Does anyone know if there are plans for Dish to make our local FSN channel available in HD? I recently read a thread in which RSN was discussed, but not specifically this. I REALLY want to see my Mariner's in HD (here it's Fox Sports Net Northwest). The local cable company broadcasts this channel in HD! (sigh) :nono2:


----------



## Matthewmon (Jun 8, 2006)

What channel is FSN, I can't find it and I got to have it when college basketball season rolls around?


----------



## BFG (Jan 23, 2004)

you should have some form of an FSN in the 4xx range


----------



## vampirefish (Oct 19, 2004)

For me the FSN NW is 426.


----------



## Joe Clark (Jan 10, 2006)

vampirefish said:


> Does anyone know if there are plans for Dish to make our local FSN channel available in HD? I recently read a thread in which RSN was discussed, but not specifically this. I REALLY want to see my Mariner's in HD (here it's Fox Sports Net Northwest). The local cable company broadcasts this channel in HD! (sigh) :nono2:


According to a satellite guys thread I read recently, all the Fox regional sports HD networks will be rolled out, either in the fall of 2006 or the spring of 2007 (21total stations). I'm really looking forward to FS Midwest for Cardinals coverage in HD next year.


----------



## vampirefish (Oct 19, 2004)

Thanks, Joe... I'm looking forward to it!!


----------



## kdwebsol (Jan 29, 2006)

Joe Clark said:


> According to a satellite guys thread I read recently, all the Fox regional sports HD networks will be rolled out, either in the fall of 2006 or the spring of 2007 (21total stations). I'm really looking forward to FS Midwest for Cardinals coverage in HD next year.

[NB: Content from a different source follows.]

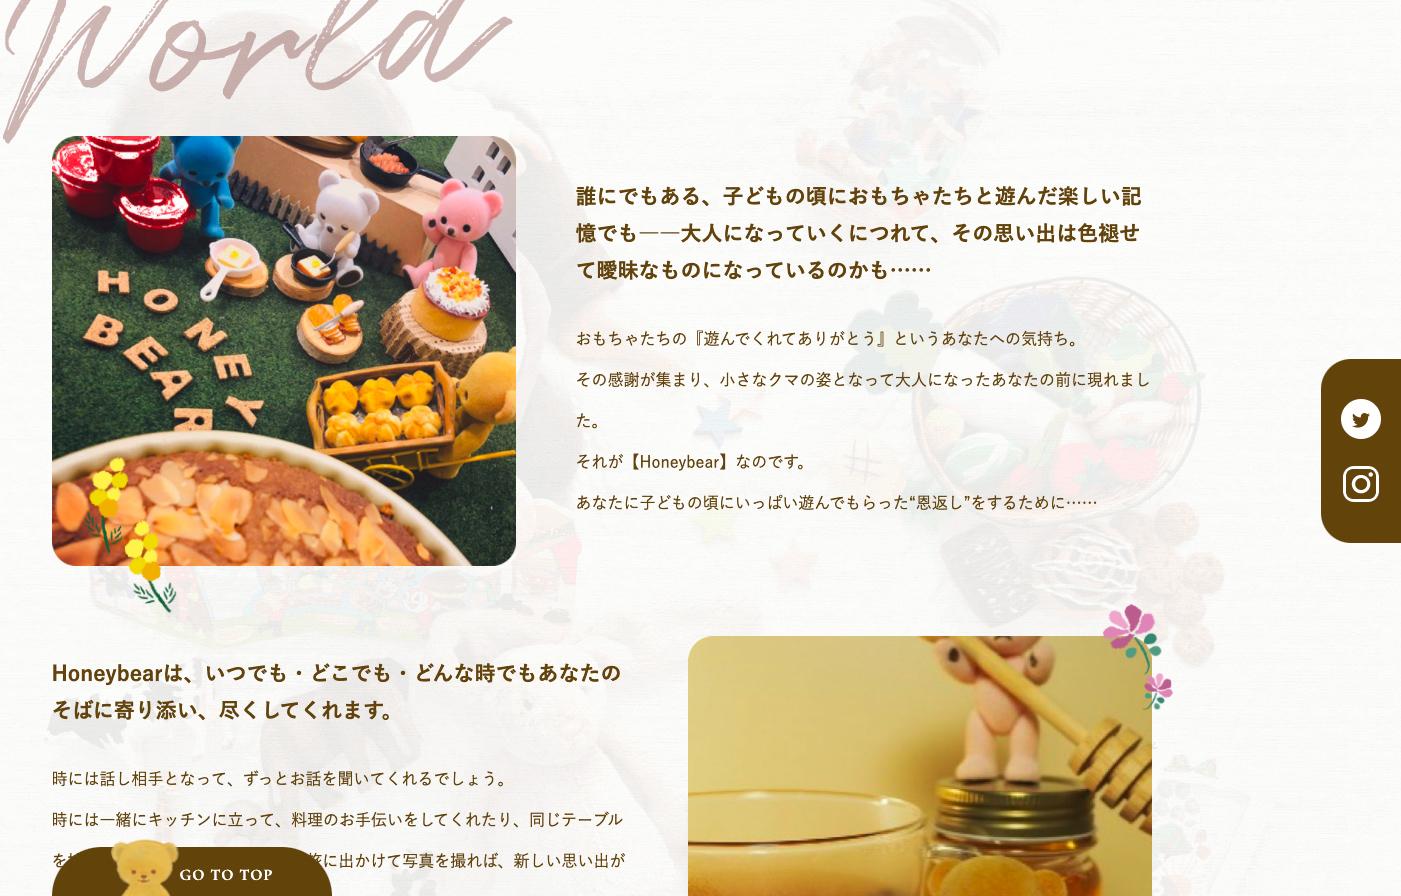 HoneyBearPCのイメージ

Does this include NESN for the Boston and Providence Markets.


----------



## Jim5506 (Jun 7, 2004)

They will concentrate on those providers that have the most HD content and those with whom they can make agreements. So two criteria must be met - have the HD and give it to me cheap.


----------



## kdwebsol (Jan 29, 2006)

Jim5506 said:


> They will concentrate on those providers that have the most HD content and those with whom they can make agreements.


NESN in 24/7 HD. And I know of a lot of people in my area switching to satellite TV. Comcast is just costing to much and has a lot of outages and the digital pictures goes in and out all day long. Several people in my neighborhood say that have have family and friends that are having the same problem with cable. Cable is losing a lot of customers, 8 more that I know of in my neighborhood.

NESN is a big deal because people in New England love the Red Sox and I think Dish would win the satellite TV market with NESN in HD. I would rather have NESN before local channels in HD

Ken


----------